School‐based interventions effectively improve physical activity, cardiovascular health, and muscular strength and reach children from all socioeconomic backgrounds [3, 16, 17, 18]. However, logistical barriers often limit their implementation [18, 19]. To address these challenges, our study implemented daily 15 min kettlebell‐based strength training in the classroom. Strength training in children is a safe and effective way to improve strength, body composition, and cardiovascular health [20, 21, 22]. Even brief school‐based activity interventions have shown positive effects on BMI, daily activity, and academic performance [23, 24].

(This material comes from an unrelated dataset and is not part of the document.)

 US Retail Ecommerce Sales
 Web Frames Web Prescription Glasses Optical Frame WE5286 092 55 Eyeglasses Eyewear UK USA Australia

This study aimed to evaluate the feasibility and effectiveness of daily classroom‐integrated kettlebell‐based training in second‐grade children, hypothesizing improvements in physical performance, cognitive function, and health‐related factors.
Methods
2
Participants
2.1
Second‐grade children in good health were eligible to participate. The study complied with the Declaration of Helsinki and was approved by the regional ethics committee (Ethics Committee Northwest and Central Switzerland; trial registration: NCT06910085). Of 102 invited children, 93 participated after obtaining written parental consent, with eight declining or not responding and one excluded due to cognitive limitations. Three classes were assigned to the intervention group (IG, n = 61) and two classes to the control group (CG, n = 33). Further details are presented in Figure 1.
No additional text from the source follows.